This process is not merely a matter of establishing the gravity of a candidate's character, which has always been a political necessity. Nor is it a question of shaping a politically advantageous candidate biography, a fundamental aspect of national campaigns since 1840. Rather, it is an issue of recognizing that candidates and voters must now find a way to deal with a revolutionary level of candidate exposure, and of intimacy that candidates and voters did not previously share. These developments have altered the political process.

While the military dimension of the presidency has obviously reasserted itself since 2000, the results in Iowa nevertheless appear to support the increasing political importance of personal exposure and storytelling, as do the dynamics in the competition for this week's New Hampshire vote.

"American leadership models," I wrote 2000, "are expanding [beyond their traditional limits] to include different character roles; successful public life is becoming ever more self-revelatory; the relationship between citizens and their elected officials is becoming increasingly direct and personal; the traditional gatekeeper political press is losing its power and significance.

"This sounds less like politics as it has been practiced for decades than it does like the dynamics of popular culture. And in fact that is the point. American politics in the wake of the Cold War, and in the context of invasive new media, is readjusting itself according to a familiar cultural model."

Does this describe what's happened so far in the contentious Democratic campaign? Arguably, it does. In Iowa, candidates with a good story to tell did much better than candidates without one. In the case of Sen. John Edwards, who came in second in Iowa, an effective personal story turned out to be more valuable than the vaunted "organization" that the mainstream press kept citing as a determining ingredient for Iowa success. Edwards didn't have much organization at all. What he had was a winning and empathetic presence and a brilliant stump speech, one that combined his populist politics with his own life narrative of (according to him) struggle against wealth and privilege. It worked; Edwards is a contender for a top-spot in New Hampshire, too.

Conversely, candidates who sought to limit their personal exposure paid for it. That would be Vermont's former Gov. Howard Dean, who came in third in Iowa despite the fact that the gatekeeper press covered him as though he had already won the state. Dean based his early campaign heavily (if not exclusively) on issues, especially his opposition to the Iraq war, and protected—to a remarkable degree—his and his family's privacy from media inquiry. There was very little in the way of character construction and less in the way of storytelling in his campaign, and the "backstage" story was off limits entirely. In their place, he offered high-profile endorsements, though in an age of political intimacy, endorsements don't mean very much. Dean's is a campaign that understood one technological revolution—the Internet, and its organizational opportunities—extremely well, while it ignored the demands of the remainder of the technological environment.

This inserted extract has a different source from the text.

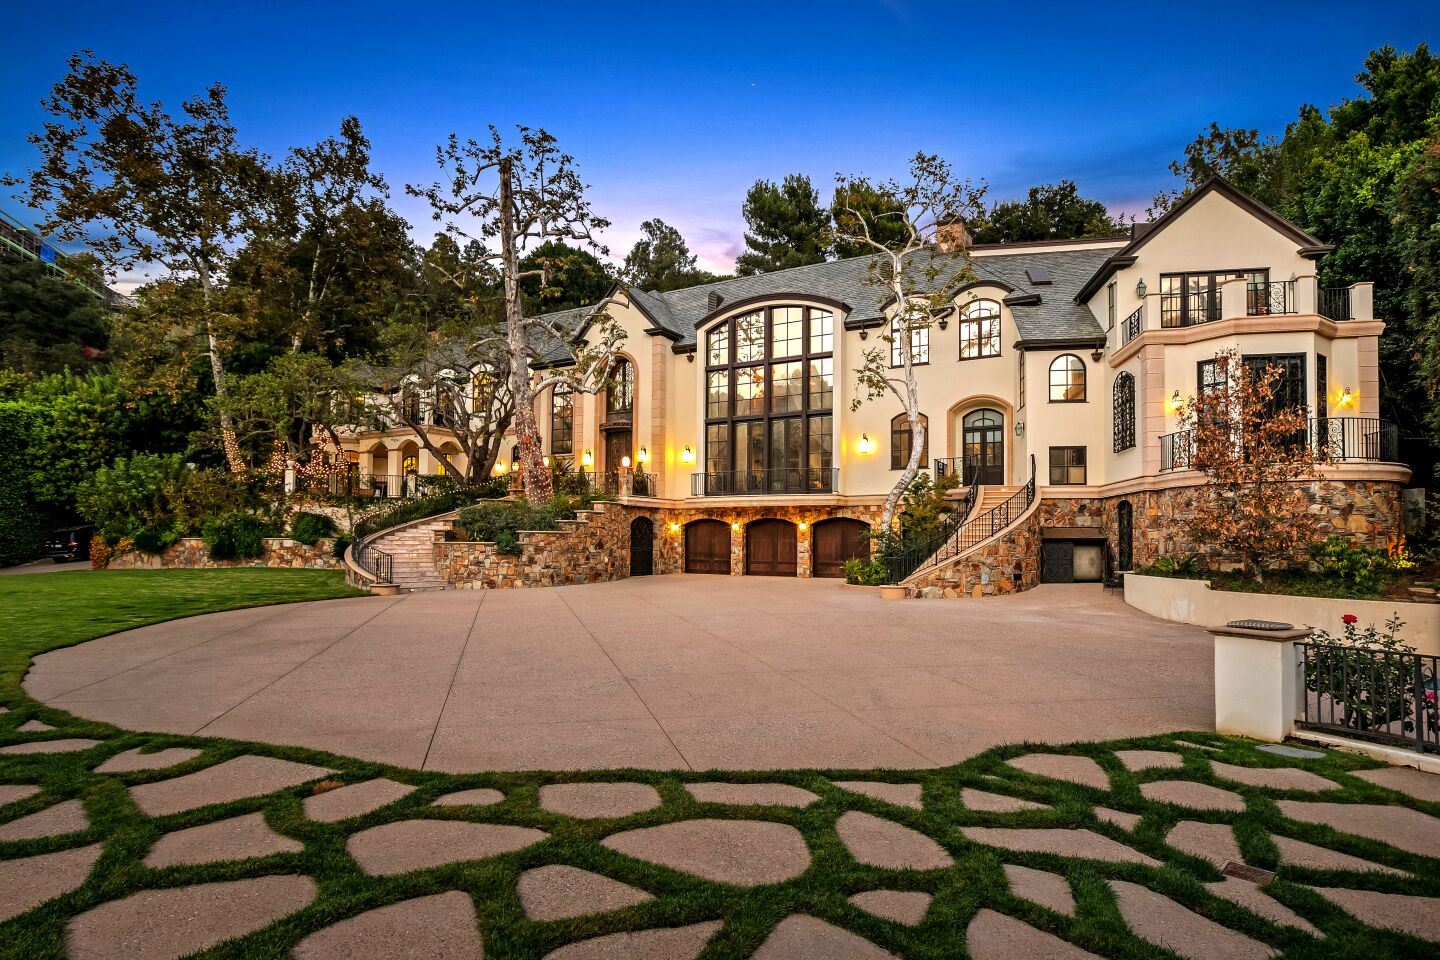 Gene Simmons' amenity-loaded mansion in Benedict Canyon spans 16,000 square feet and has a swimming pool with a 60-foot slide.

In the end, Dean could not insulate himself from coverage that has become nearly ubiquitous, and the character that emerged from footage of his campaign behavior apparently struck people as intemperate, thin-skinned, arrogant, and abrasive. Before it was over, one could add "crazy" to that list as well. (Dean also engaged in an exchange of negative ads with the Dick Gephardt campaign, a media war that has repeatedly been cited—plausibly—as having undermined the appeal of both candidates.)

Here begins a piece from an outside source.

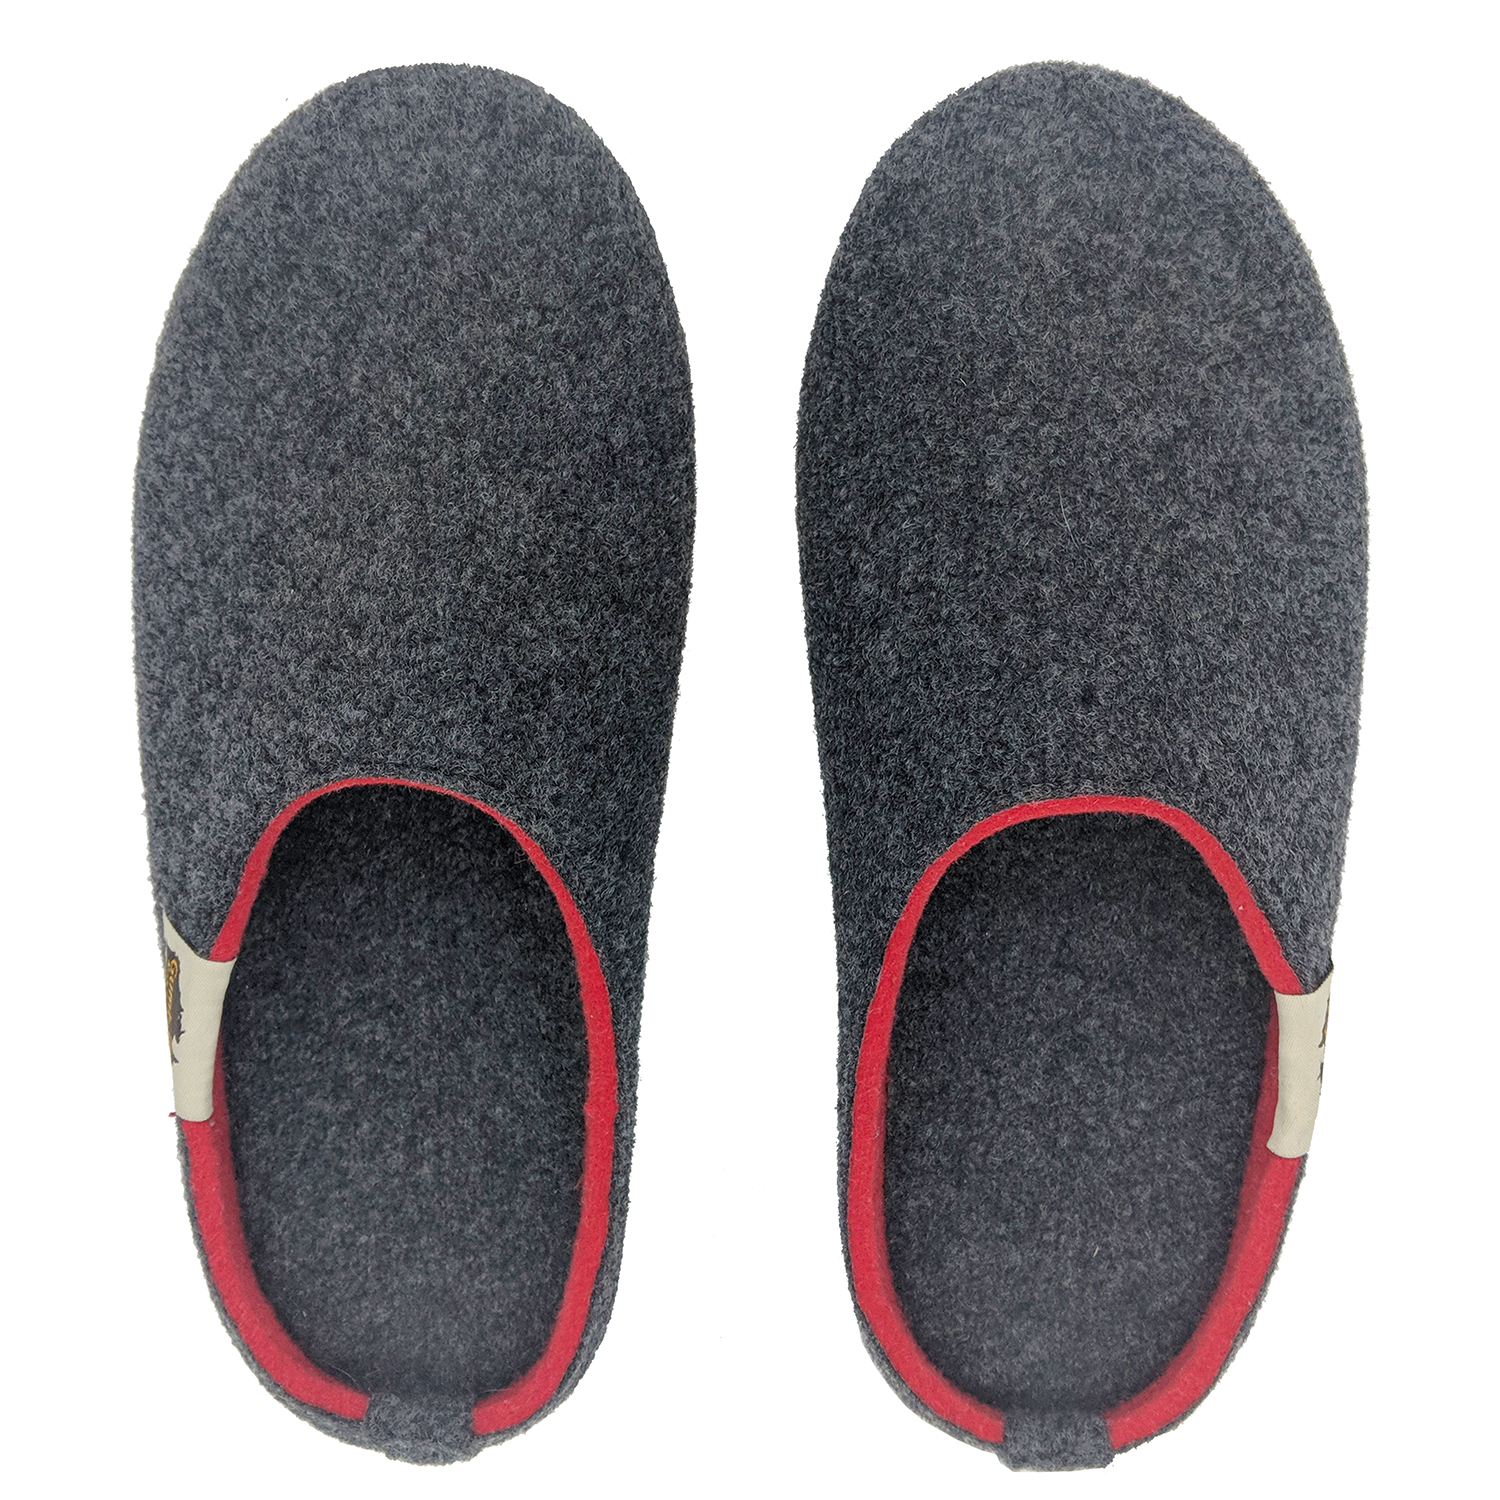 GUMBIES – Outback Slipper, CHARCOAL-RED

Obviously, the big Dean story out of Iowa involved his manic Monday night Screech following his deflating third-place finish in the caucuses. But the singular focus on that memorable performance tended to obscure the more important fact that Dean—to the consternation of much of the gatekeeper press—had already faded significantly as a candidate before he started ranting. One lesson for issues candidacies like Dean's is that if one doesn't shape one's own persona and tell one's own story, these don't become non-factors. Rather, character and narrative become factors over which the campaign has surrendered control.

Thus, in the New Hampshire campaign, Dean has fed his wife (who turns out to be a telegenic asset) into the maw of a Diane Sawyer interview, identified himself as a "hockey dad," and though he is among the more cerebral candidates in years, has analyzed himself as too often "leading with his heart." (Mrs. Dean allowed that her husband "is a good dancer.") During the final weekend in New Hampshire, Dean was reported to be making appearances in the company of his mother.

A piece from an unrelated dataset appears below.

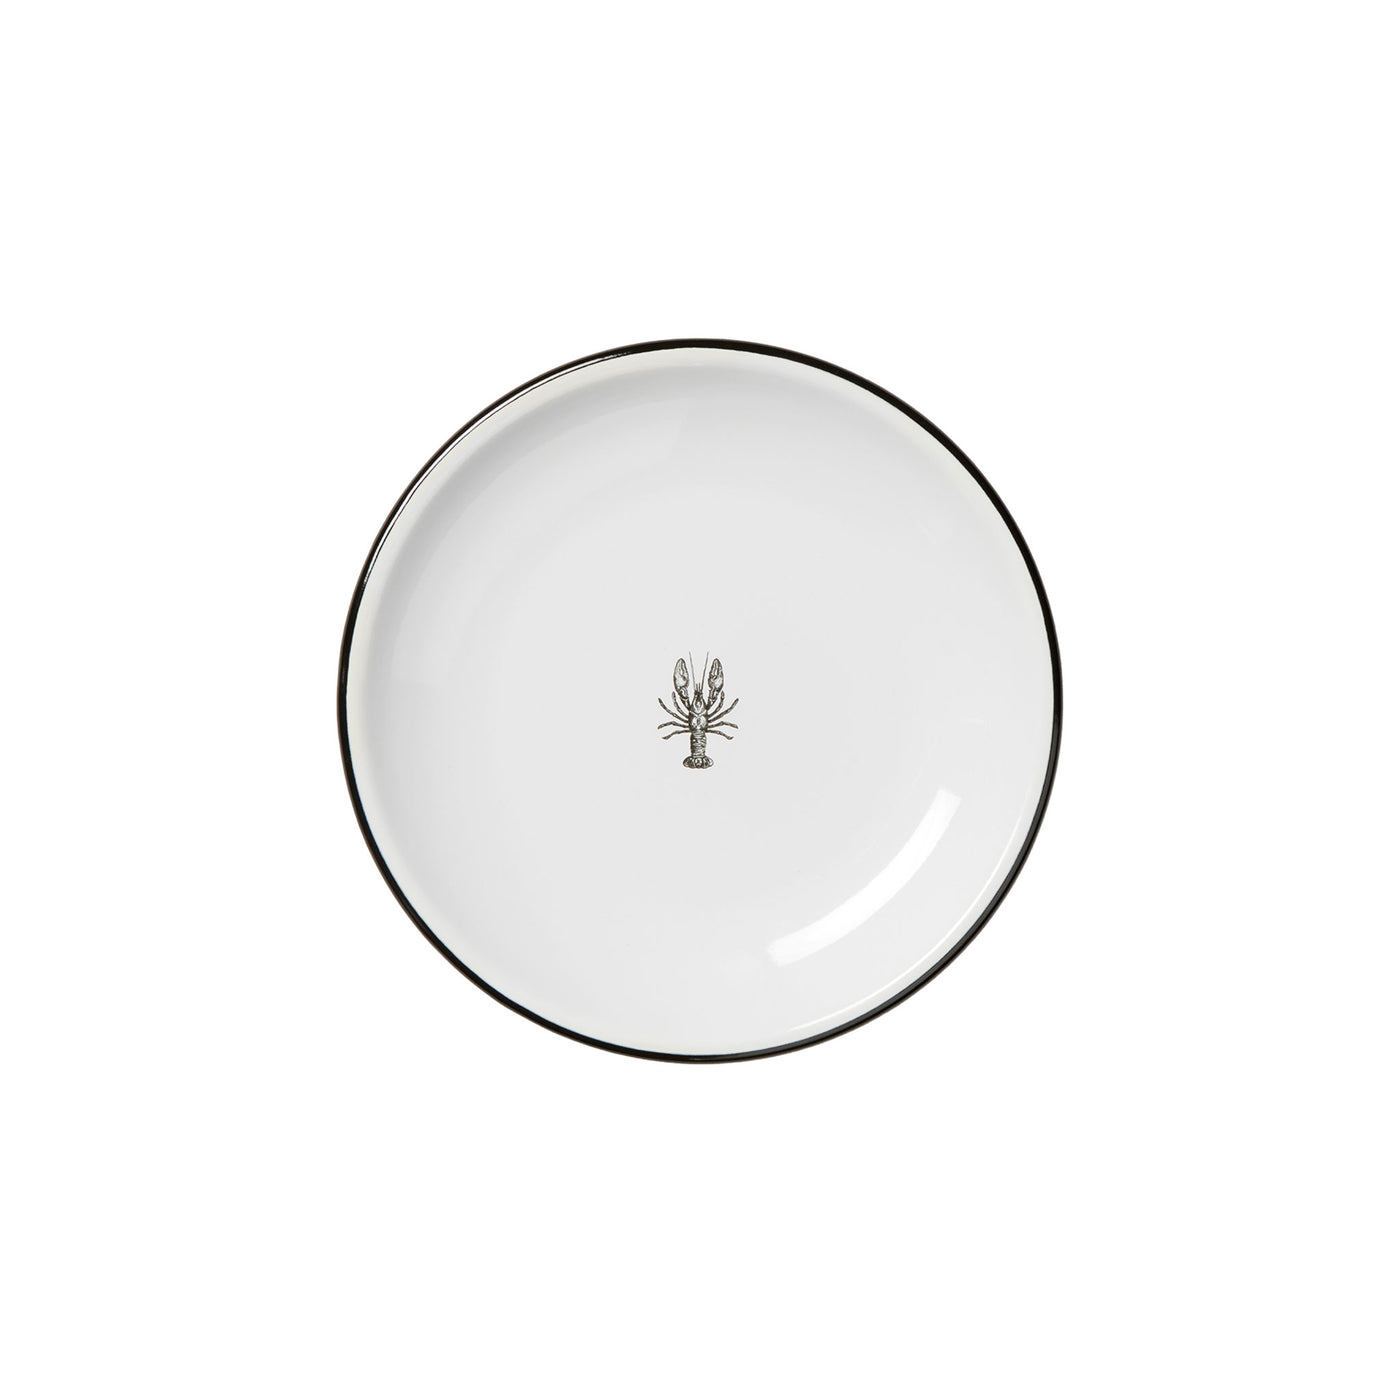 Crow Canyon | Weston Table x CCH Lobster Coupe Salad Plate, Black Rim

Sen. John Kerry, on the other hand, has been making appearances in the company of an Oregon man named Jim Rassmann, a fellow Vietnam vet who credits Kerry with saving his life under fire. Kerry's been spotted by reporters hugging his late-arriving wife in the middle of giving his stump speech. He's developed a tight presentation that combines his own impressive history of activism and political leadership with his antipathy to White House policies. In short, he's got a decent "backstage" act and a great story to go with his résumé and his position papers, and it's been showing in the New Hampshire polls.

An interesting aspect of Kerry's success is that, at first, it confounded the mainstream press. Among the catch-up explanations that some reporters offered was that Kerry had gradually become a more effective campaigner. That's doubtless true, though it's probably true of all the other candidates as well. An alternate explanation is that, when most Iowa voters started focusing on the race in the closing days of the campaign, Kerry had something interesting to show them.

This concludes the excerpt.